If you want to measure resistance and you know Ohm’s law, it seems like you have an easy answer, right? Feed a known current through the thing you want to measure and read the voltage required. A little math, and that’s it. Or is it? If you are measuring reasonably large resistance and you don’t mind small inaccuracies, sure. But for tiny measurements or highly accurate measurements, you’d be better off using the four-wire method. What’s more is, understanding why you want to use the four-wire method is a great example of using an understanding of electronics to find solutions to problems.
The Usual Suspect
Let’s look at the normal case first.
This is pretty simple. 3.3 / 0.001 = 3,300 and that’s the answer. But real life is a little more complicated. After all, in the simulation everything is perfect, but in reality, wires are not perfect and neither are measuring devices.
Suppose the leads going to the resistor are fairly long. In fact, let’s say they add an ohm of resistance on each leg. So now instead of 3.3 kΩ you have 3.302 kΩ. That’s hardly any difference — about 0.06%. Note that measuring the voltage at the output now gives the correct result for the entire resistance, not just the resistance we are interested in.
That doesn’t seem like a big deal, right? But it could be. Imagine if the unknown resistor was very small. Even, say, 1 Ω. Now we are off by a large factor! A conventional analog meter makes you zero out the probe resistance by shorting out the probes. But that requires some complexity if you are trying to get the right result to display digitally. In other words, with the perfect setup, you could put a digital panel meter that reads the voltage in the circuit, and read the resistance directly. Zeroing it out would require more effort to get the meter to read zero volts instead of the 0.002 V it would currently read with a short circuit.
Real Life
Let’s add a second voltmeter. Since the wires going to the voltmeter are perfect, we’ll also add our 1 Ω resistance to those wires. The voltmeters are perfect, too. In real life they might have a shunt resistance of a megaohm or more. You’ll see in a minute that doesn’t matter very much. But the imperfect wires do have an impact. For now, we’ll live with the perfect voltmeters.

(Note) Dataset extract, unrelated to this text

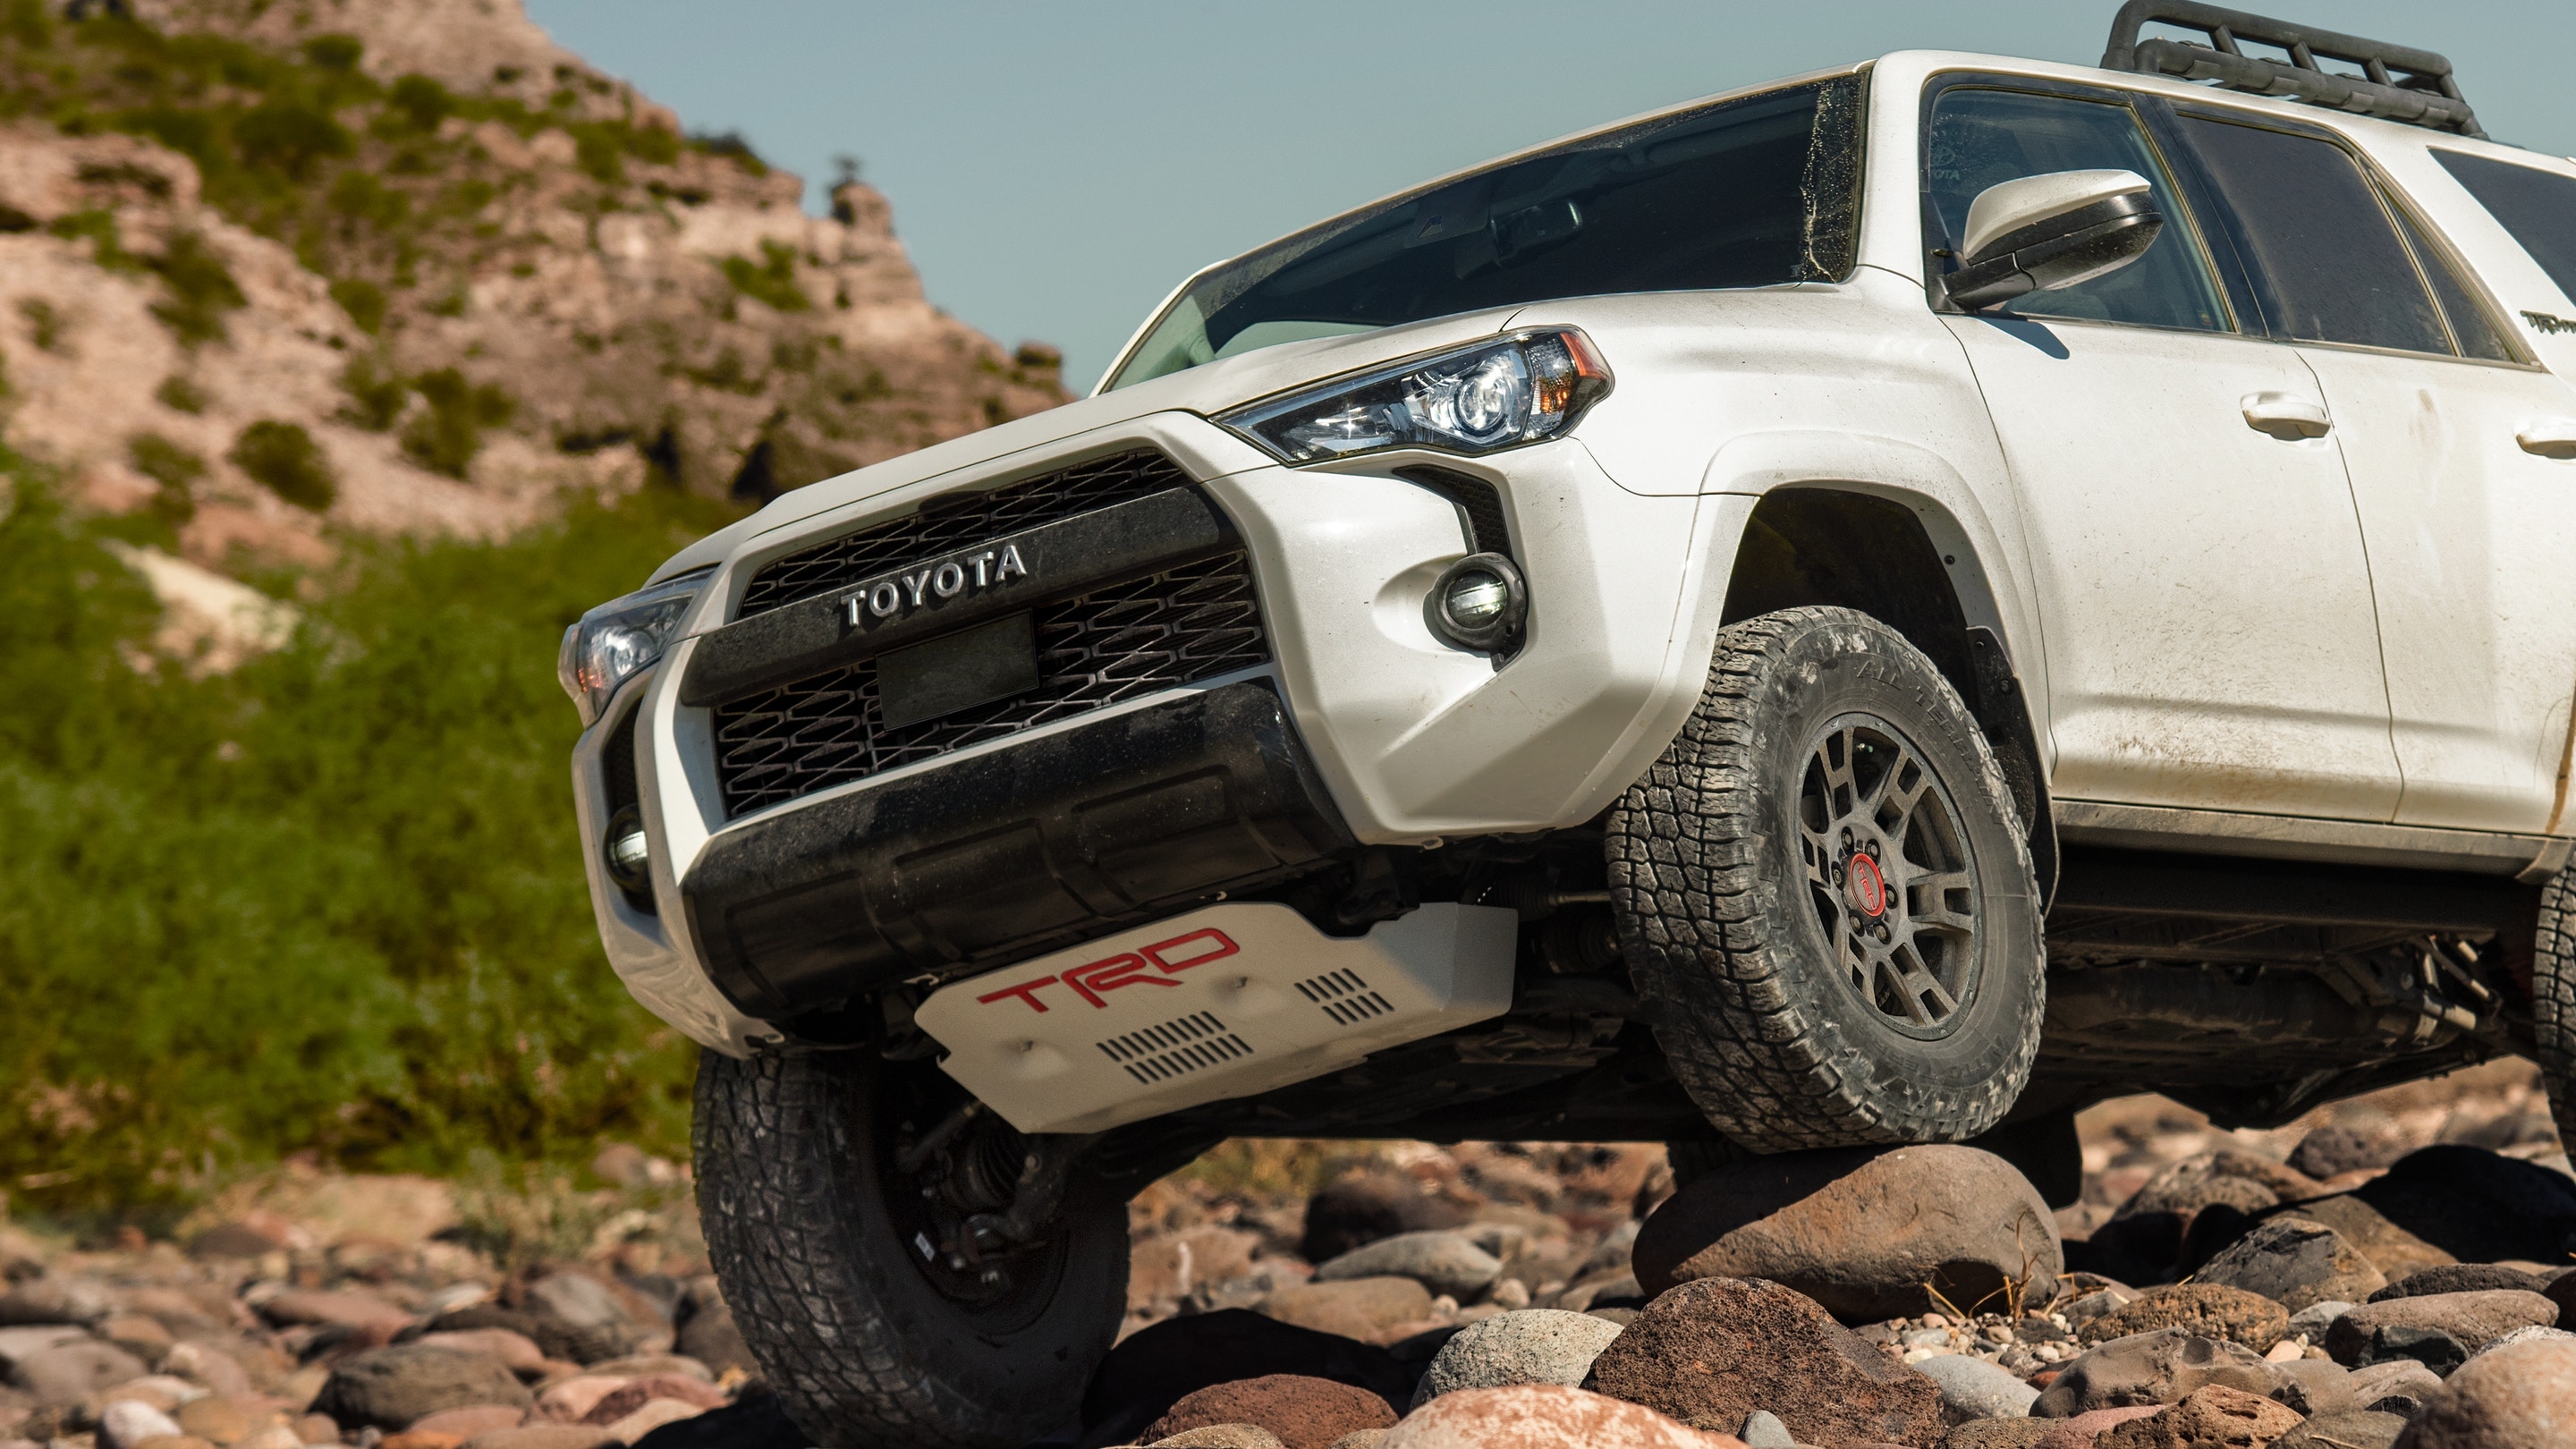 2022 Toyota 4Runner Rugged Design At Courvelle Toyota In Lafayette, LA

Now the right-hand voltmeter reads correctly, despite the extra resistors. These resistors don’t matter much because the voltmeter is essentially an open circuit. No current flows so, therefore, there’s no voltage drop across the leads. In reality, there’s probably a resistance of 1 megaohm or even more across the voltmeter, but that doesn’t really make any significant difference. The reading drops to .999997 mV. Modern devices probably have at least 10 times that resistance which makes the difference truly negligible.
This is the basis of the four-wire, or Kelvin measurement. Two wires push current through the device under test and two more wires measure the voltage while transporting as little current as possible. The result is a highly accurate resistance reading.
You often hear the current carrying wires referred to as the force wires and the other pair as the sense wires. Typically the sense wires are placed between the two force wires to prevent any additional wire or trace resistance from influencing the measurement. When dealing with small measurements, it isn’t unusual to see the force wires much thicker than the sense wires. After all, the sense wires will carry very little current, but with a 0.01 Ω resistor under test the force wires will have quite a bit of current flowing.
Not just for Resistance
To recap, we wanted to measure a voltage, but were stymied by the voltage drop across the finite resistance of our current-carrying sense wires. Reducing the voltage drop, without resorting to jumper cables, means reducing the current flowing where we’re taking measurements, and the solution is to split into force wires and sense wires. Understanding the relationships intuitively about how changing one thing affects another can help you produce better designs.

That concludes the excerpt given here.